WWF lança ferramenta que mede Risco Hídrico

WWF lança ferramenta que mede Risco Hídrico

Na última terça-feira, dia 21, o WWF-Brasil promoveu o lançamento da Ferramenta de Risco Hídrico (Water Risk Filter, em inglês) em São Paulo. A ferramenta online ajuda empresas e investidores a avaliar, analisar, valorizar e reagir aos riscos relacionados à água em suas operações e investimentos no mundo todo. O evento, realizado no Hotel Pullman, contou com a presença de 24 empresas e organizações.

Fruto de uma parceria entre a rede WWF e a instituição financeira alemã DEG, a ferramenta foi construída em 2012. Seu objetivo é avaliar os riscos relacionados a água de setores públicos e privados através de informações com alto nível de confiabilidade e oferecer orientações de respostas aos riscos para os tomadores de decisões. A ferramenta possui dados em alta resolução para alguns países, como África do Sul e Reino Unido, e agora, também para o Brasil.

Bernardo Oliveira, analista do programa de Ciências do WWF-Brasil explica que “para o país, dados mais atualizados e precisos vêm sendo coletados para integrar a ferramenta há um ano, incluindo mais de 60 indicadores nas três dimensões do risco abordadas: riscos físicos, reputacionais e regulatórios”. Os mapas de risco do Brasil para alguns setores específicos já estão disponíveis aqui São eles: agricultura, pecuária, produção de bebidas e papel e celulose. 

“Nos próximos meses, esses dados serão combinados com a versão atualizada ferramenta global para permitir que os usuários não apenas explorem mapas de risco para o Brasil, mas também desenvolvam facilmente avaliações de portfólio, combinando os dados globais e os de alta resolução.

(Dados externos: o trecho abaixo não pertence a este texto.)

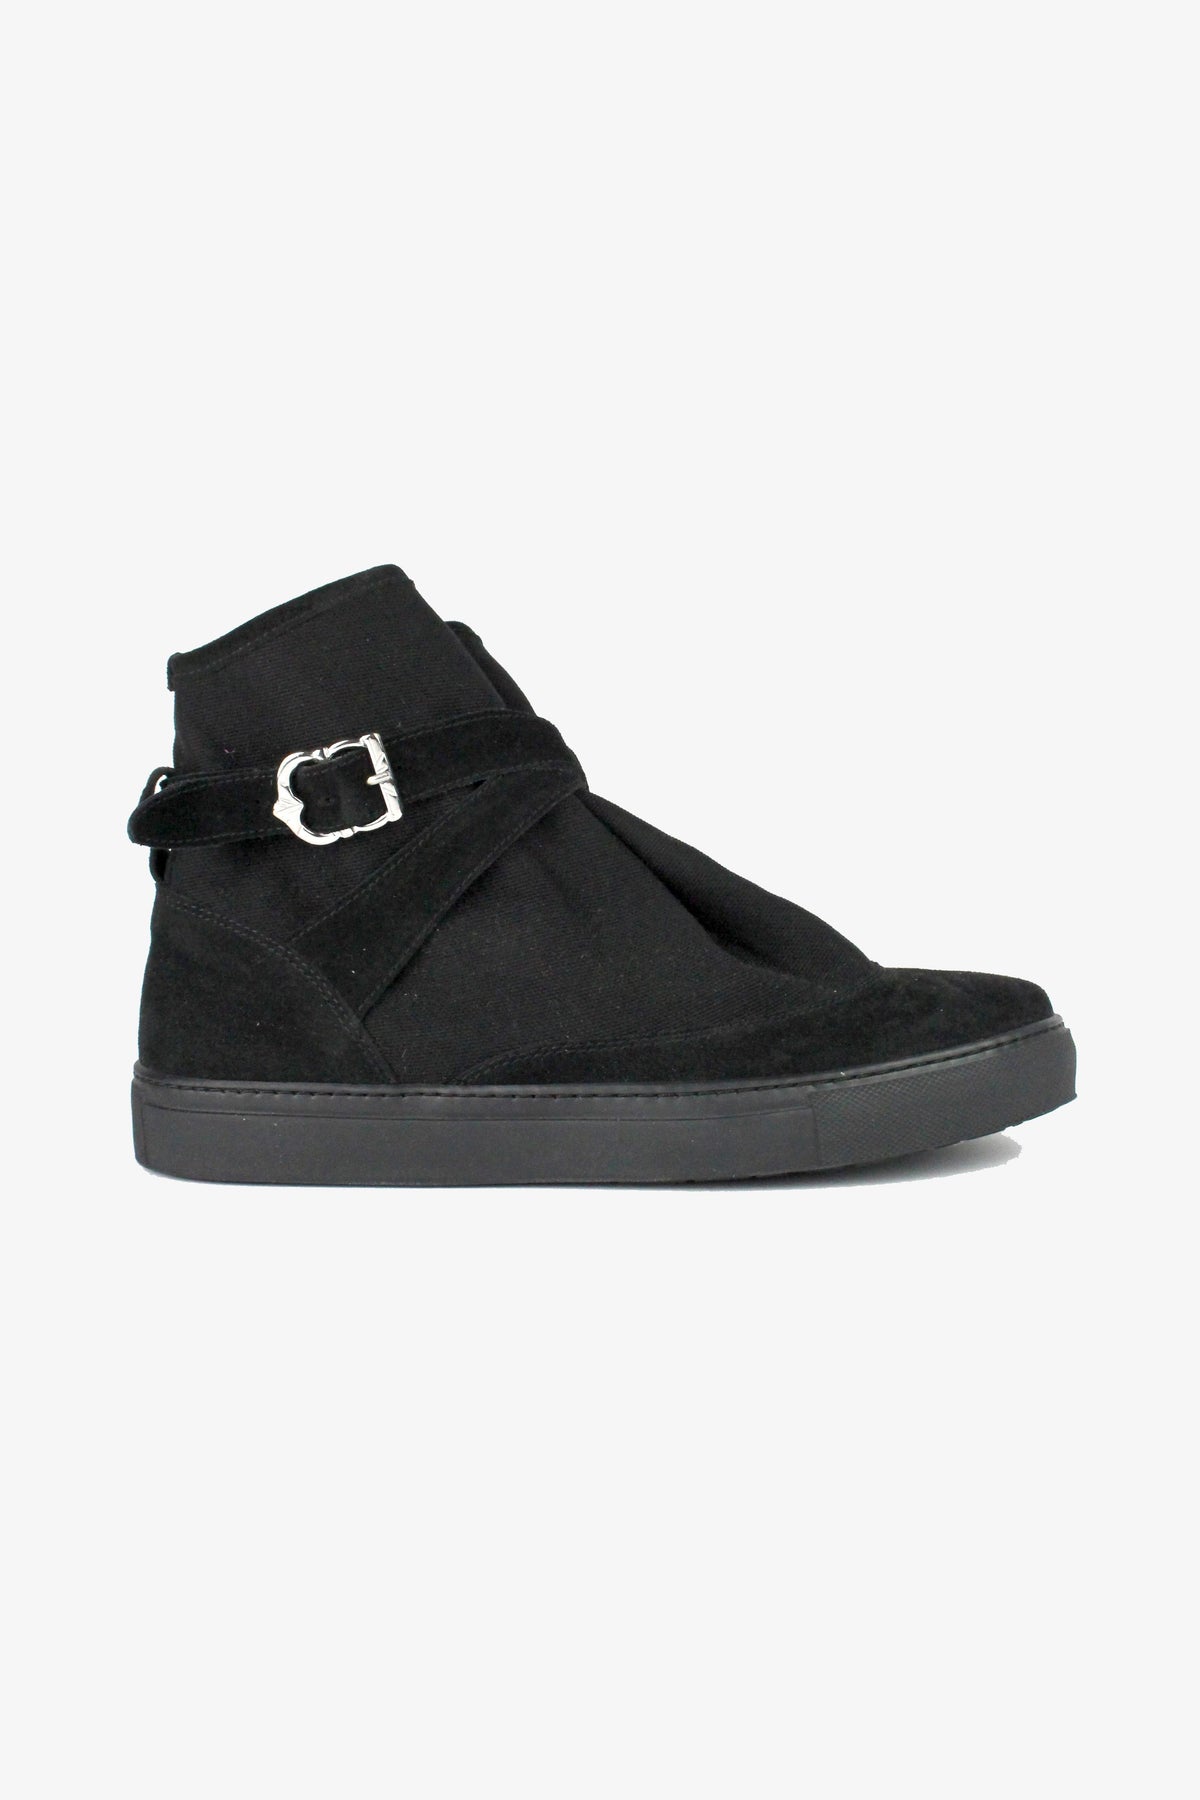 HIGHPAD SNEAKER BLACK CANVAS W/ SUEDE-shoes-A Child Of The Jago

Os usuários poderão então descobrir o impacto financeiro desses riscos para auxiliar na definição de opções customizadas de mitigação dos mesmos” aponta Alexis Morgan, líder de Water Stewardship da Rede WWF.



Participação das empresas
O evento contou com a participação de empresas, que compartilharam como estão trabalhando para melhorarem suas gestões de recursos hídricos.

Rogério Dias, da Divisão de Economia Verde do Banco do Brasil, falou sobre a experiência de utilizar indicadores da Ferramenta de Risco Hídrico no desenvolvimento de critérios para avaliação de risco socioambiental para dez commodities pelo banco, levando em conta toda a cadeia de valor.

Adriana Leles, representante da Sanasa, trouxe em sua apresentação os alarmantes dados de que 8 bilhões de reais são perdidos por falhas no sistema de água tratada no Brasil, um desperdício de 30%. Ela mostrou como a Sanasa reduziu essas perdas nos últimos 12 anos, reinvestindo os recursos economizados na ampliação do sistema de saneamento ambiental de Campinas.

Beatriz Oliveira, da Ambev, apresentou as metas da empresa em relação a água, que vão desde aumentar a eficiência, como apoiar projetos de conservação das bacias nas quais suas plantas estão localizadas. Assim, desde 2003, reduziu em 40% seu consumo de água, tornando-se a empresa de bebidas mais eficaz em água em todo mundo.

Participação de todos
O engajamento de todos os setores da sociedade é essencial para conter a escassez de água e a alarmante projeção da ONU. A parceria do terceiro setor com o setor privado dá escala, mobiliza inovações e tecnologia, além de aumentar a capacidade e financiamento de projetos que visam solucionar as questões hídricas. A participação de todos é essencial. 
“Em um contexto de crise política e econômica, precisamos de um novo modelo para o Brasil, no qual gestão ambiental não pode ser vista somente sob a ótica da proteção e seus custos, mas também sob a ótica da oportunidade, para alavancar o desenvolvimento do país. E água é um tema central. Assim, acesso a informação e ao conhecimento são essenciais” diz Maurício Voivodic, Diretor Executivo do WWF-Brasil.